Wydawnictwo Poznańskie, Richard Powers, Anna Halbersztat

[RECENZJA] Richard Powers, "Plac zabaw", tłum. Anna Halbersztat

Wielka, dobra książka na lato? Właśnie się ukazała!

Zacznijmy od tego, że Powers doskonale opowiada historie. Tworzy postaci, których emocje i ambicje rozumiemy, które stają się nam bliskie, choć często pochodzą z zupełnie innych niż nasze światów. Jednocześnie amerykański pisarz w każdej z książek zadaje pytanie o naszą współczesność, o jej największe lęki i zagrożenia, jakie stoją przed światem. I nawet gdy kieruje się w stronę mniej lub bardziej oczywistego dydaktyzmu, ratuje go właśnie opowieść.

Podobnie jest w "Placu zabaw" (tłum. Anna Halbersztat), wielowątkowej powieści o tym, jaki świat sobie zgotowaliśmy i dokąd zmierzamy. Mamy tu trzy przeplatające się historie. Pierwsza to zaskakująca przyjaźń dwóch chłopaków - Rafiego Younga i Todda Keane'a. Obaj pochodzą z dysfunkcyjnych rodzin, ale to jedyne co ich łączy. Rafi - czarny chłopak dorasta w biednej rodzinie, dla której edukacja nie jest oczywistym priorytetem.

Co innego Todd - zamożny, biały dzieciak chodzący do szkoły, w której przyznaje się stypendia imienia jego ojca. Chłopcy poznają się w szkole, bo Rafi jest tak zdolny, że udaje mu się zdobyć stypendium Keanów. Połączą ich najpierw szachy, a później japońska gra Go. Powers świetnie pokazuje jak miejsce pochodzenia determinuje nasze życie, choć nie brakuje mu bardzo amerykańskiej wiary w to, że dzięki wiedzy można pokonać każdą przeszkodę.

Urozmaiceniem do tej historii jest napisana w pierwszej osobie opowieść 57-letniego Todda, który zachorował na rzadką chorobę dementywną. Todd jest już zamożnym właścicielem platformy społecznościowej "Plac zabaw" i próbuje podsumować swoje życie.

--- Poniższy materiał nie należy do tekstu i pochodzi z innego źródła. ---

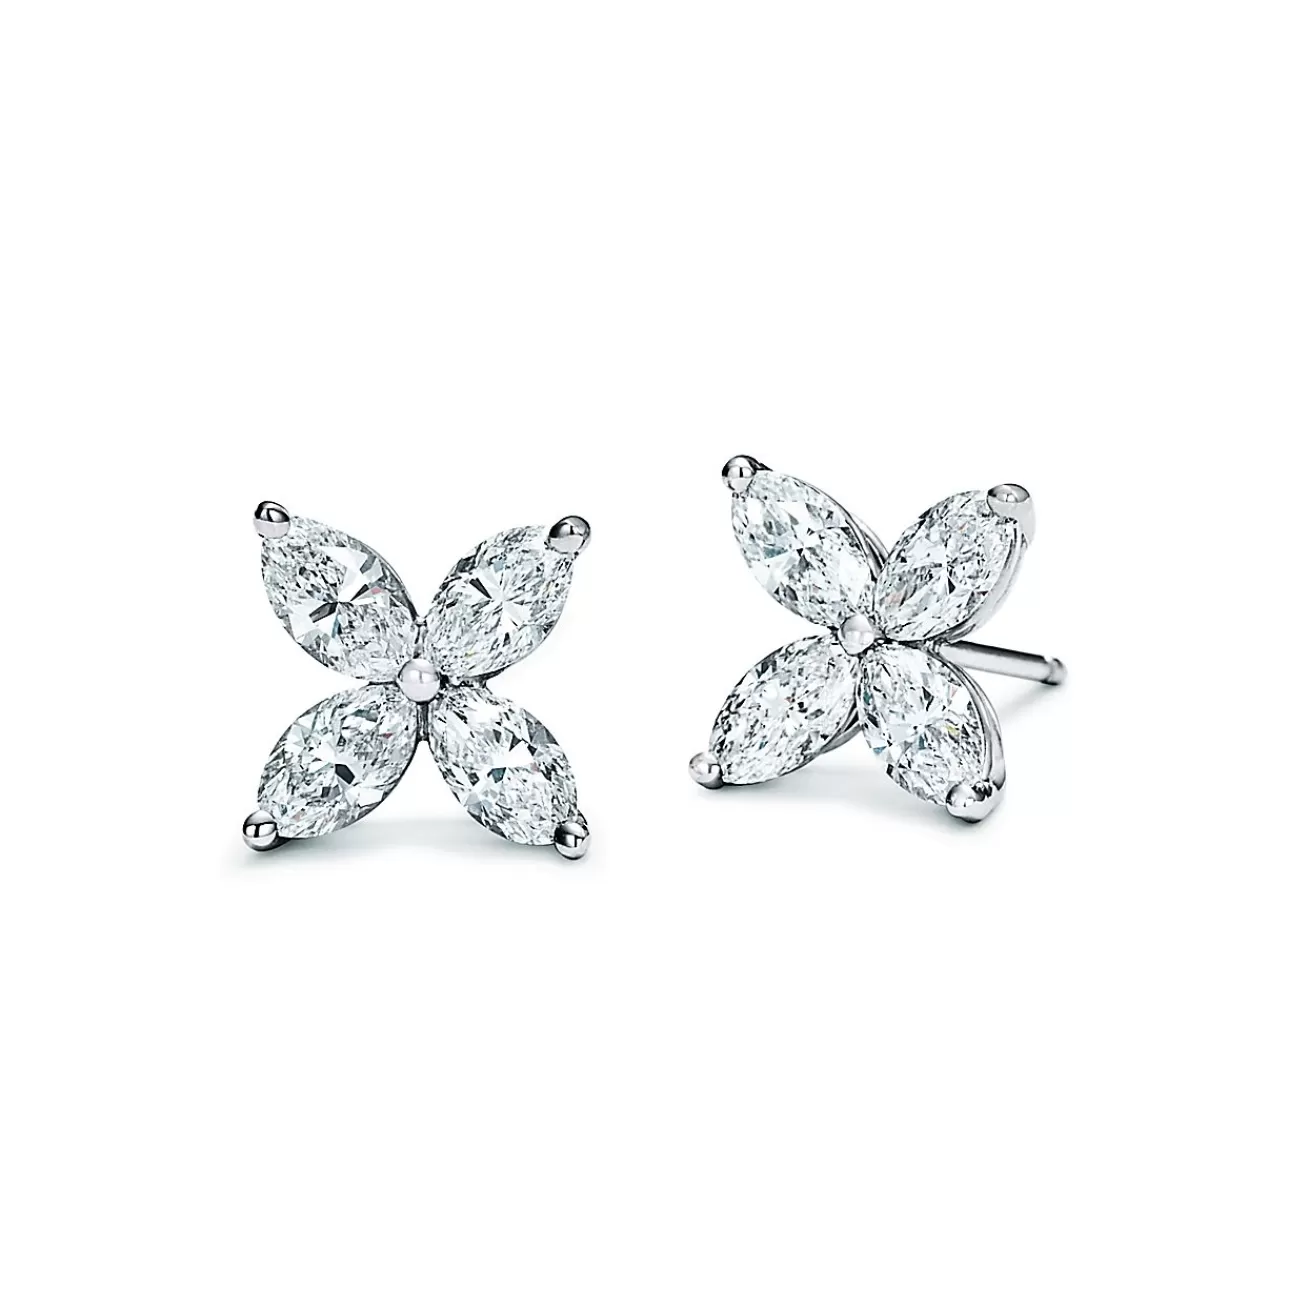 Tiffany & Co. Tiffany Victoria® earrings in platinum with diamonds, large. | ^ Earrings

Drugi wątek rozgrywa się ma Makatei, wyspie w Polinezji Francuskiej, na której wydobywano fosforany. Po latach spokoju okazuje się, że znalazła się firma, która chce wznowić wydobycie. Czy to koniec "rajskiej" wyspy, która już podniosła się po poprzedniej eksploatacji? A może jej nowy początek jako ekskluzywnego kurortu? Wątpliwości jest wiele, a presja francuskiego rządu olbrzymia.

Trzecia historia to opowieść o 92-letniej Evelyne Beaulieu, która jest słynną autorką książek o oceanach, legendarną badaczką i wybitną specjalistką od nurkowania. Evelyne wyrusza na ostatnią wyprawę - dociera na Makateę, by napisać swoje ostatnie dzieło. Chyba nie trzeba wam dodawać, że te wszystkie historie w jakiś sposób się połączą, ale chwilę wam zajmie dotarcie do momentów scalających wątki powieści Powersa.

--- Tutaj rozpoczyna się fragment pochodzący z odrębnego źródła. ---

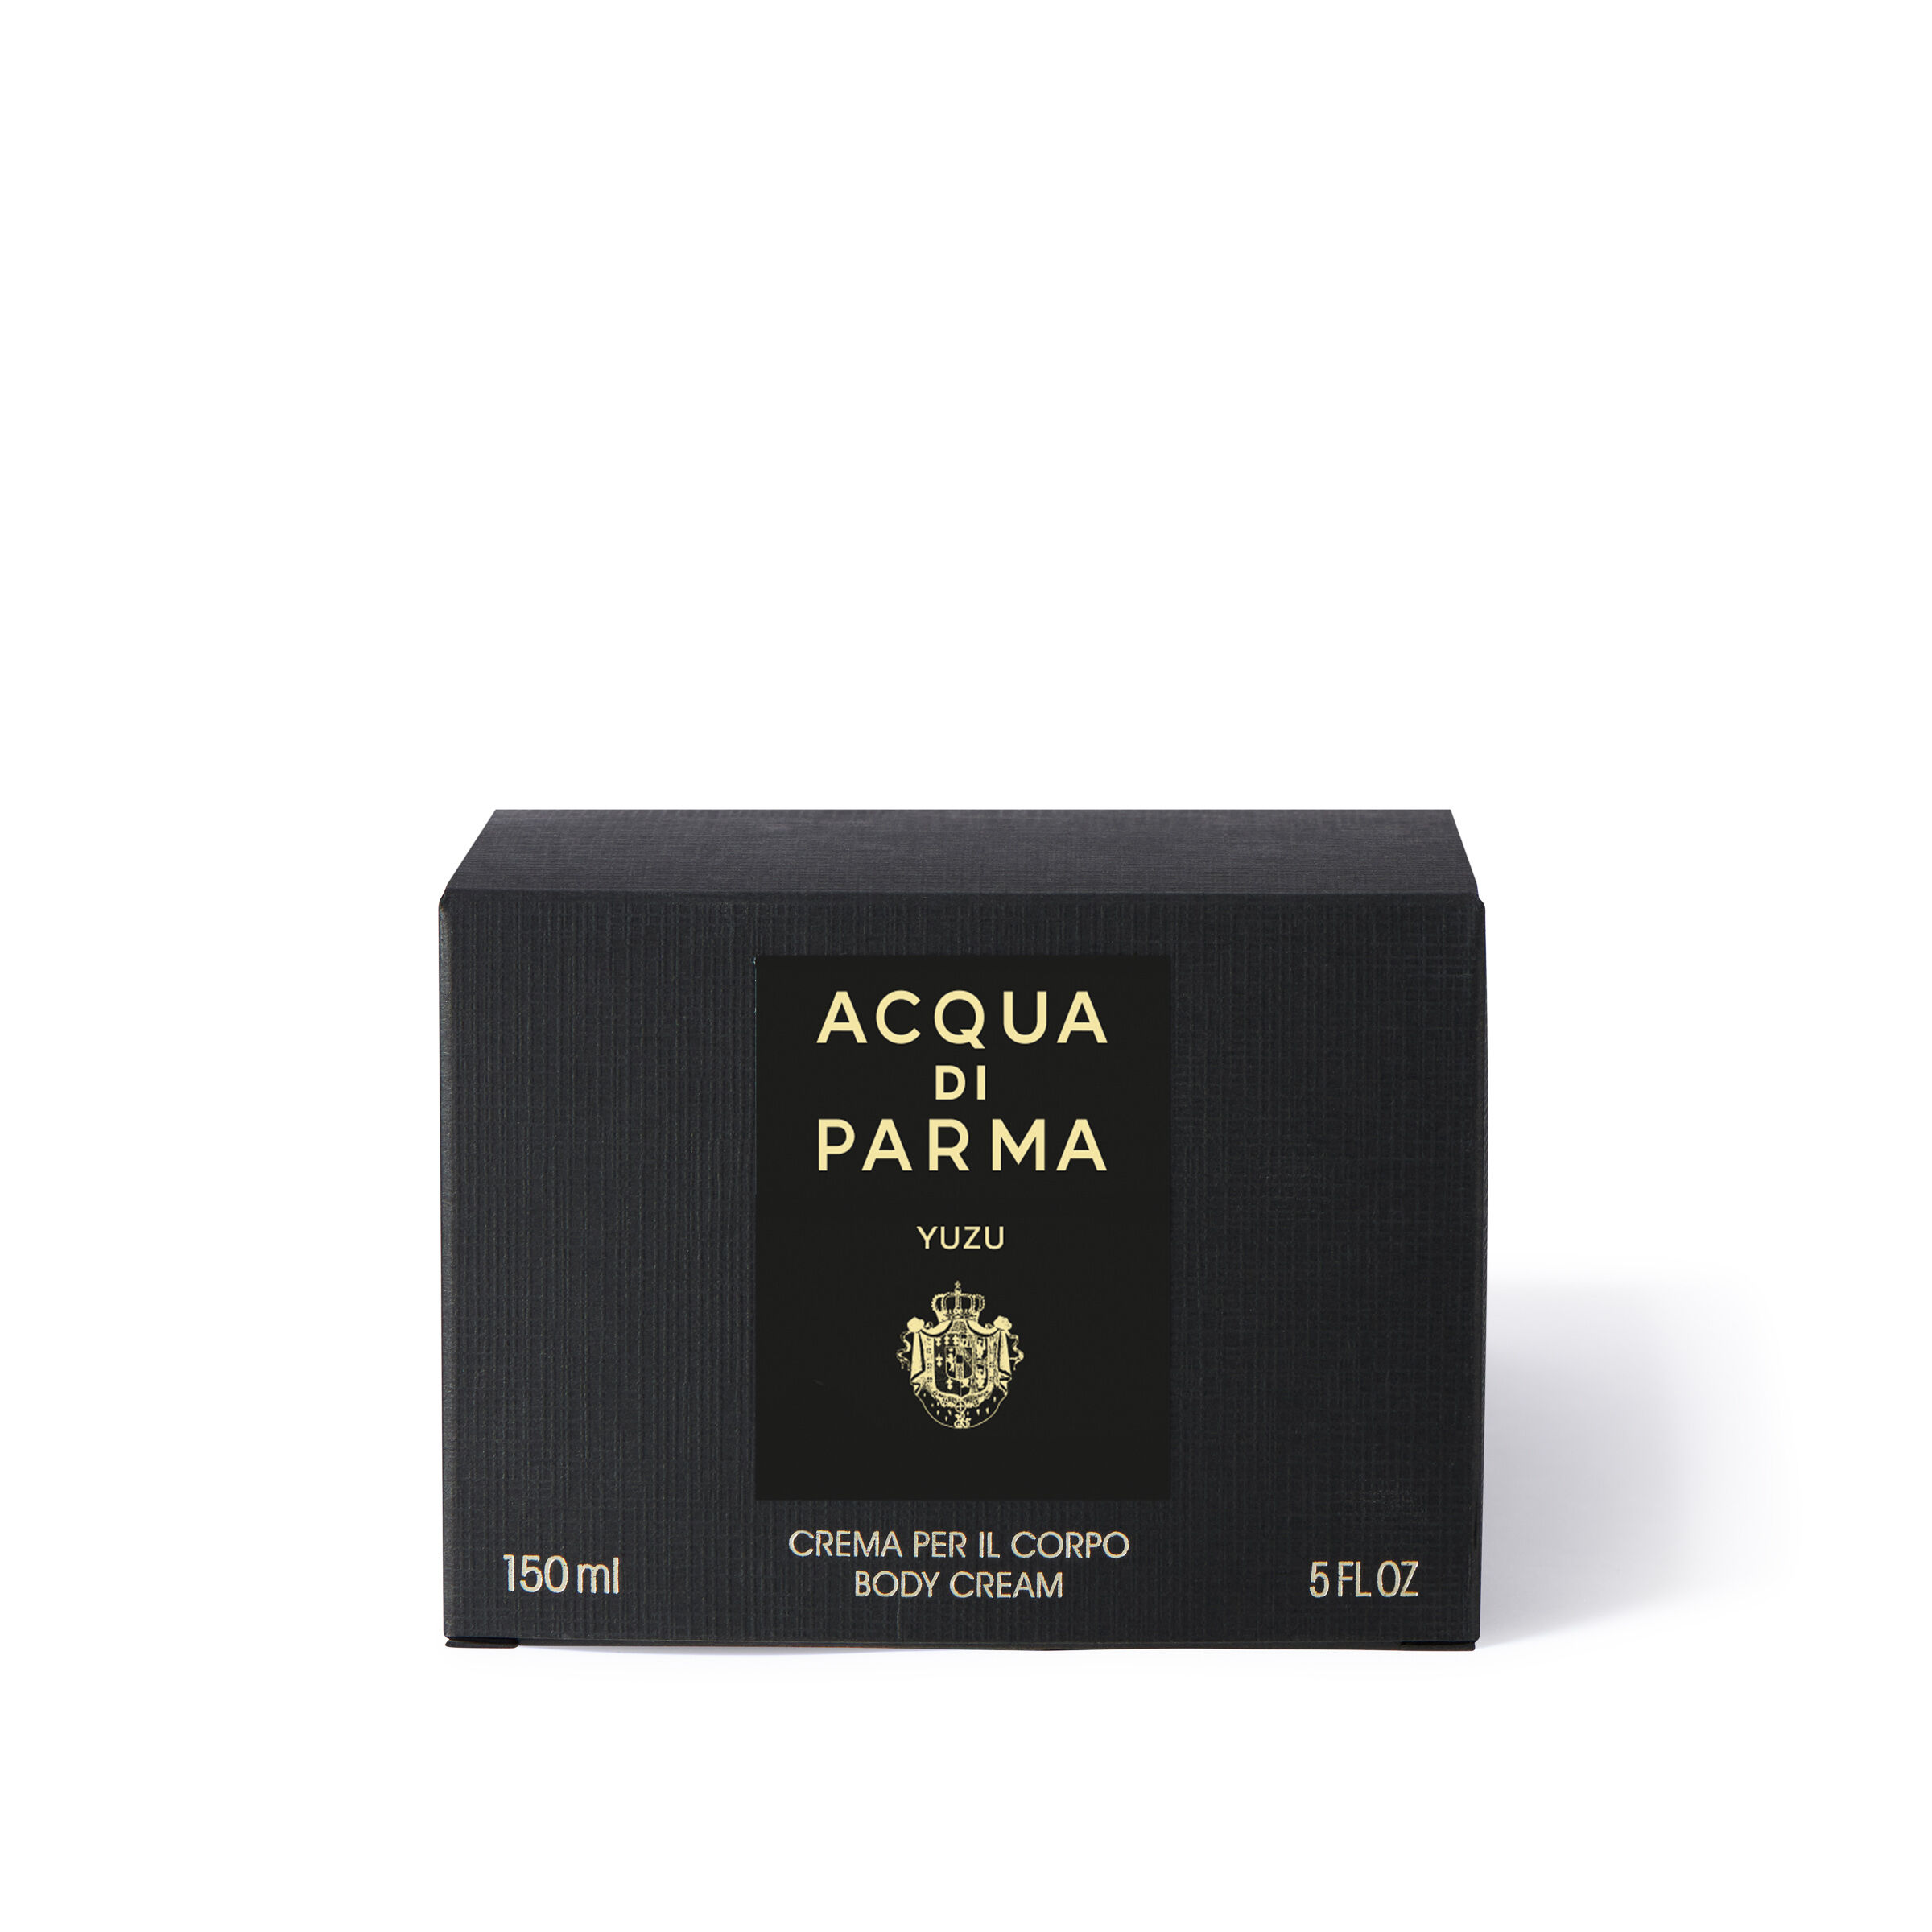 Shop Yuzu Cream by Acqua di Parma. Discover the Yuzu body lotion, a  moisturizing cream that leaves your skin hydrated and perfumed thanks to  the

O sile tej książki nie świadczy jednak sam temat, to że omawia ona kwestie zagrożeń dla planety i człowieka. To, że przepływa od powieści realistycznej, obyczajowej do science-fiction. Ale to, że Powers po prostu świetnie pisze o sprawach do opisywania trudnych. To, jak pisze o szachach, grze w go, czy nurkowaniu i oglądaniu podwodnego świata, jest mistrzowskie. Gdyby posłużyć się sportowym porównaniem, to Powers przypomina wszechstronnego sportowca, który latem jeździ w wyścigach kolarskich, a zimą z powodzeniem uprawia narciarski slalom. Wszystko mu wychodzi i to jest naprawdę wielkie pisanie.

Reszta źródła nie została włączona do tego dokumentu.